This butternut squash casserole recipe makes a hearty casserole that I’ll serve the family on a cold night. It really is a one stop shop. It combines a whopping dose of vitamin a and vitamin c, as well as a hefty serving of protein from eggs and cheese. All wrapped up in an easy to make casserole. I like to serve this with a simple salad with a creamy dressing, and buttered rolls. You’ll find that this butternut squash recipe is one of those dishes that tastes even better the next night, so we always plan for left overs.

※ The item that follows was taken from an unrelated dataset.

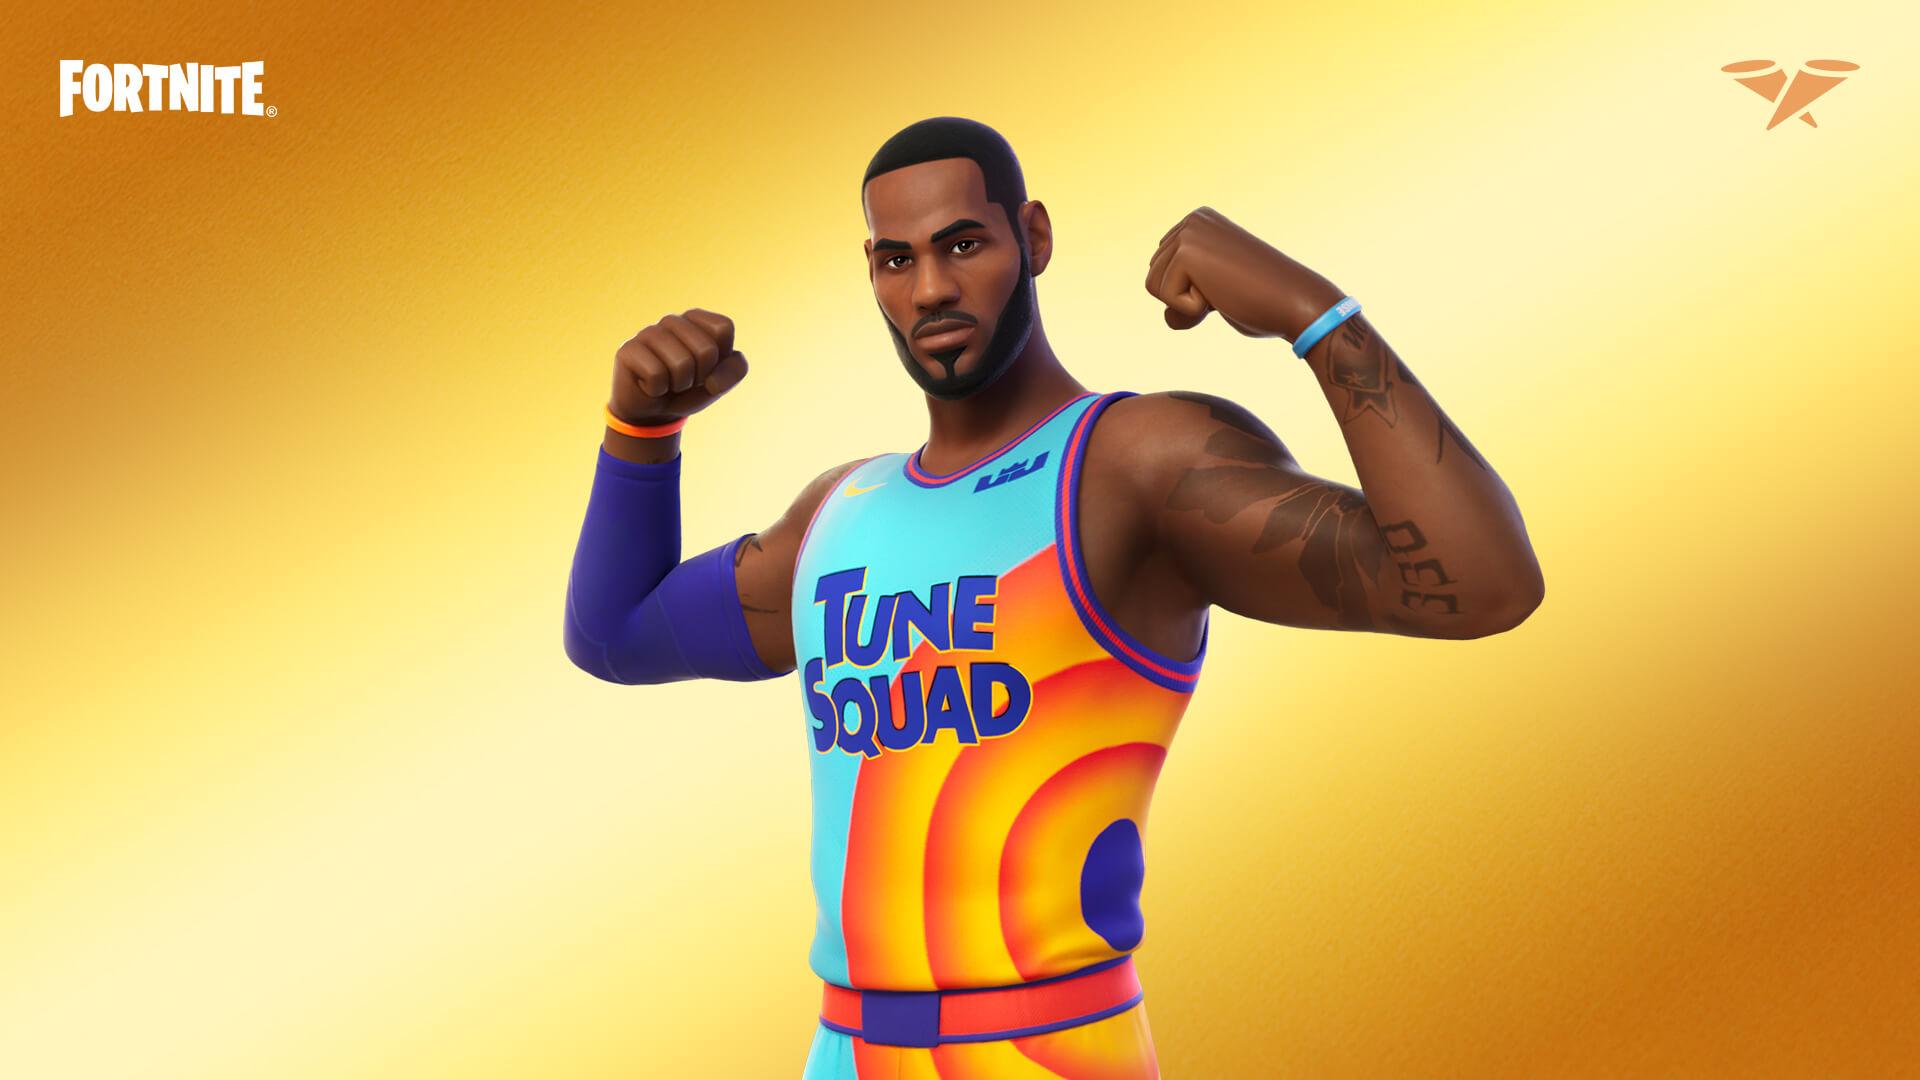 Fortnite Lebron James Tune Squad Outfit

This butternut squash casserole recipe calls for 3 pounds of delicious butternut squash. If you’re like me, preparing a hard squash is my least favorite activity. I’d rather be…well, pretty much doing anything else.  Luckily, David actually loves to prep veggies. He is pretty good and fast about it, too. I know, I’m pretty lucky, right? If the cutting and peeling of this amount of squash is up to me,  I’ll buy the squash pre-cut and peeled. This usually saves me a ton of time doing the prep work. Of course, if I am lucky enough to come across fresh squash from a local garden, I’ll endure the prepping hardship. The squash’s flavor is so much better, and more nutritious. If you’ve never tried butternut squash for New Hampshire, you really need to! There is nothing quite as good.

You’ll notice that I season the breadcrumb topping with herbs. My favorite is herbs de province, as it gives this dish a “holiday” type of flavor. I’ve found that parsely is also very good, and a bit more mild.  I prefer the topping to really stand out, and find that if I season it with salt and pepper, it brings out the flavor of the herbs much more.